If it isn't obvious, the 62-year-old Steele says he still enjoys what he does and has no plans to retire from coaching softball anytime soon.

"I'm not one of those persons who gets up and says, 'Darn, I don't want to go to work,' " Steele said. "I figure when I do, then it's time to retire. I don't want to have a job where I don't want to be there. I don't want to do any job just for the money."

Steele applied to teach at Broad Run in 1983 -- with no desire to be a coach.

"When I interviewed for the job, they asked what I can coach," Steele said. "I told them I wrestled a little in high school and coached some baseball and [youth league] football, but said that I really didn't want to coach."

The next week, after being hired as a teacher, Steele received a school handbook. He flipped to the sports section and, to his surprise, saw his name listed as an assistant coach for wrestling and softball.

"I went home and said to my wife, 'You're not going to believe this,' " Steele recalled with a deep chuckle. "I'm the new guy there, so of course I wasn't going to quit."

In his first year as an assistant wrestling coach, Steele was given total control over the junior varsity because the varsity coach was retiring the next year.
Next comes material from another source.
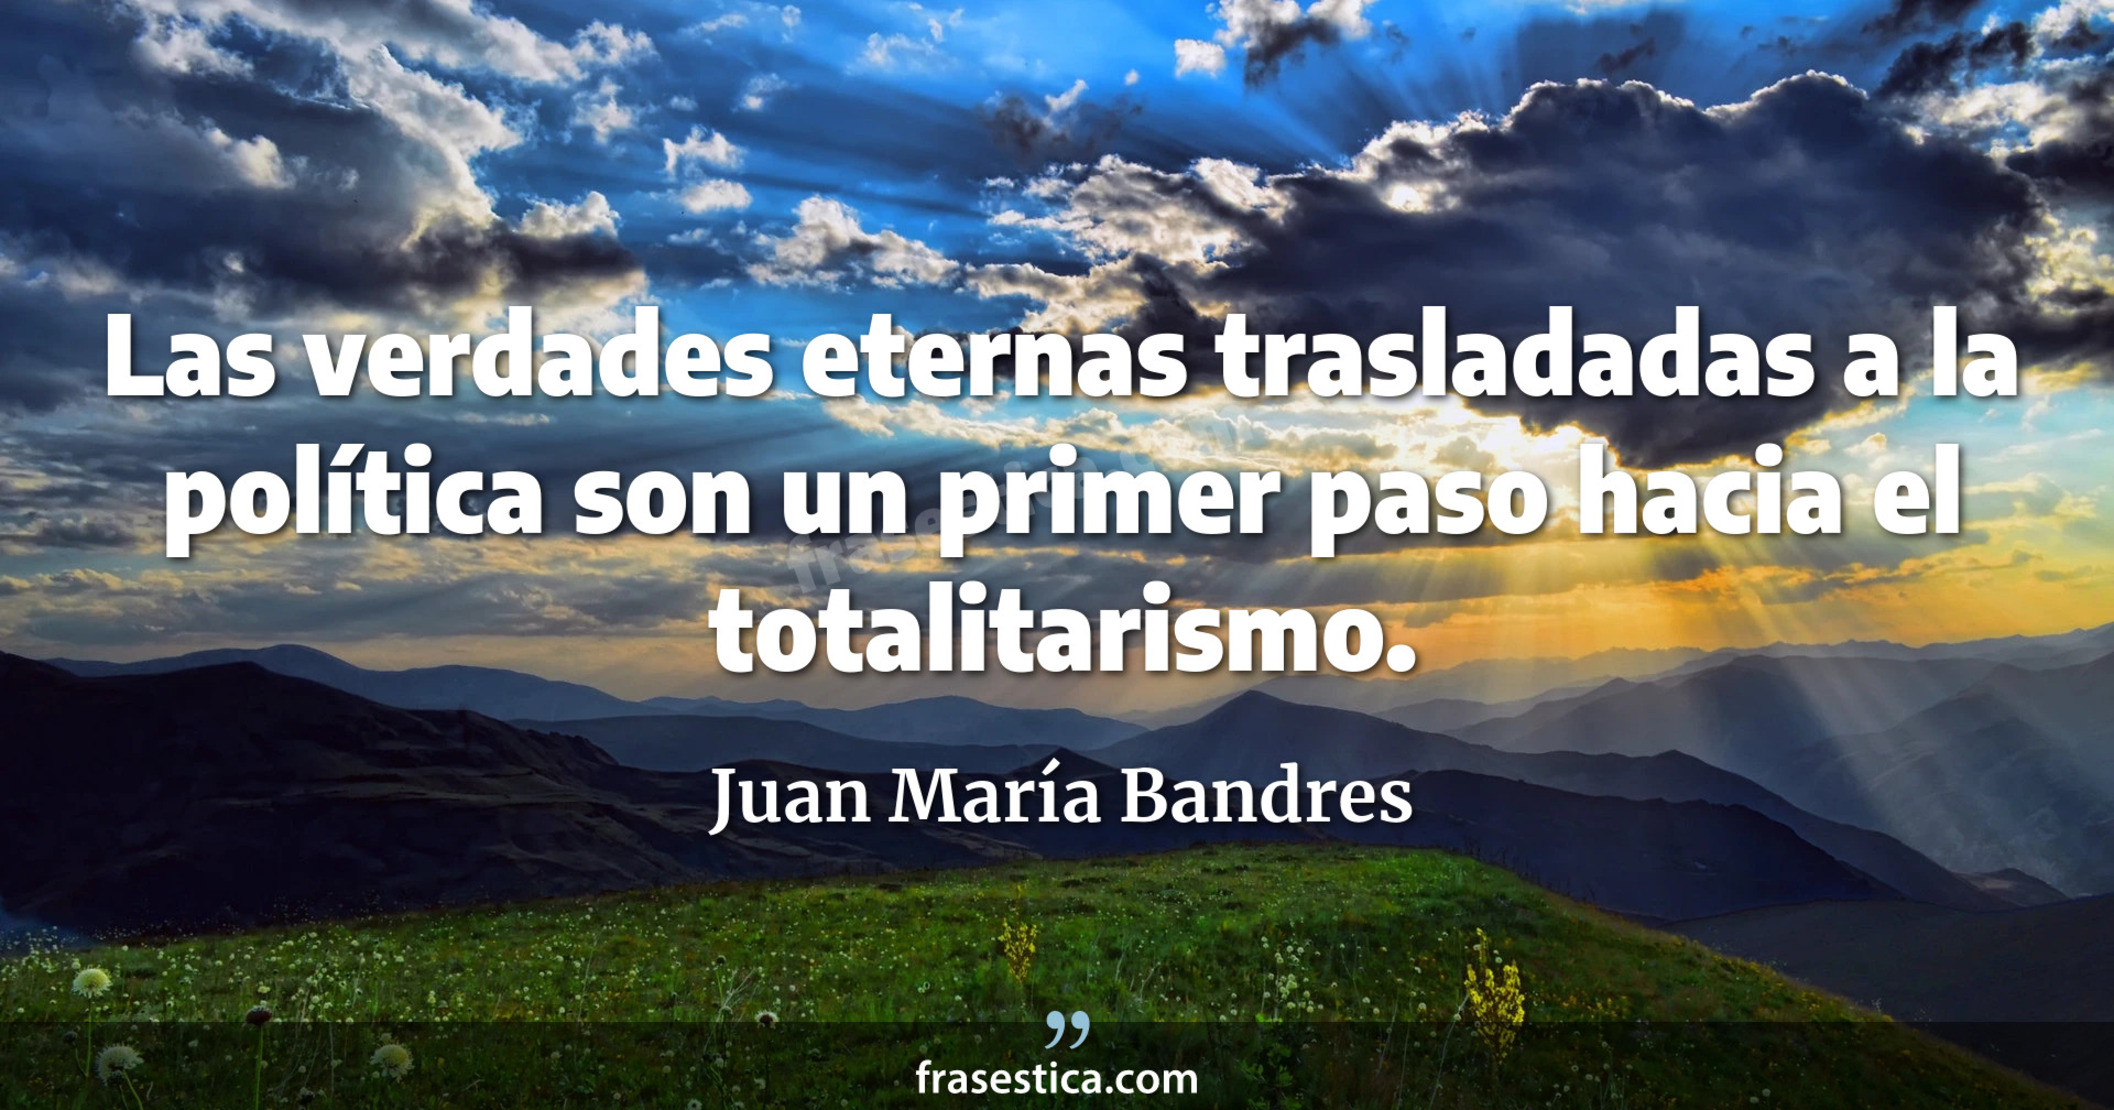 Las verdades eternas trasladadas a la política son un primer paso hacia el totalitarismo. - Juan María Bandres
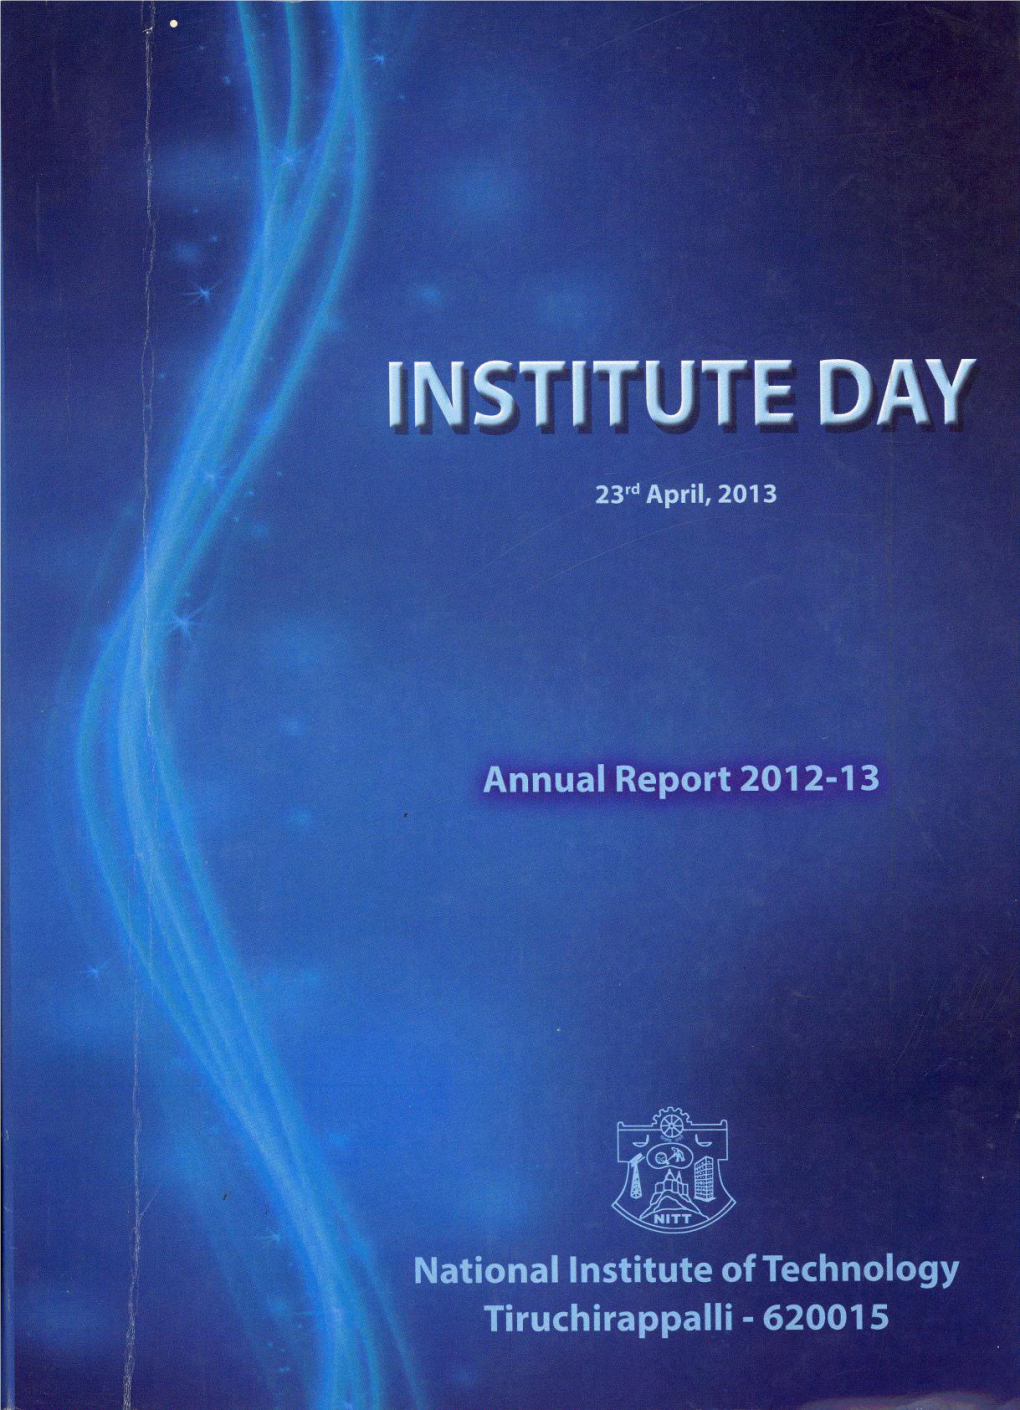 Institute Day 2013

Steele led the junior varsity to an undefeated season and took over the varsity the next season.

"He would go after those kids as ninth-graders, and he would just work them and work them and work them until he made them wrestlers," said Broad Run Athletic Director Jack Kirby, who has been at the school for eight years.

Steele took over as varsity softball coach in 1992 and had instant success. He patched together a team of athletes from various sports, taught them the basics of softball and won the district title in his first year. By 1994, the Spartans were in the state final, and they have made two more appearances, winning it all in 2000.

"In some ways, coaching is more gratifying than teaching because you get results in a short amount of time," Steele said. "In chemistry, I'm not sure if I helped you or not, but there are a lot of instances of girls on a sports team that have created success together and achieving that has helped them grow as a person."

The softball program began its climb to elite status in 1999, when freshman Christy Anch joined the team. Since then, the Spartans have won five region titles behind a string of great pitchers. First there was Anch (a three-time All-Met who went on to play at Tennessee), then Jenny Clohan (an All-Met as a senior who now plays for James Madison), and now Delahaba.

"He just lets his players play and doesn't try and change anything," Clohan said. "He just lets them do their thing and is there to support them."

Loudoun County has become a hotbed for softball talent, but those closest to Broad Run's program say Steele's low-key approach has had as much to do with the Spartans' success as the talent he inherits.

"In the years that I have been around him, I have never heard him yell, scream or curse or anything like that at the girls," Kirby said. "They always seem to have fun, even when he is working them hard and they are running. He's a teacher first and has always been a gentleman. I don't think you could find anyone that could say anything negative about him."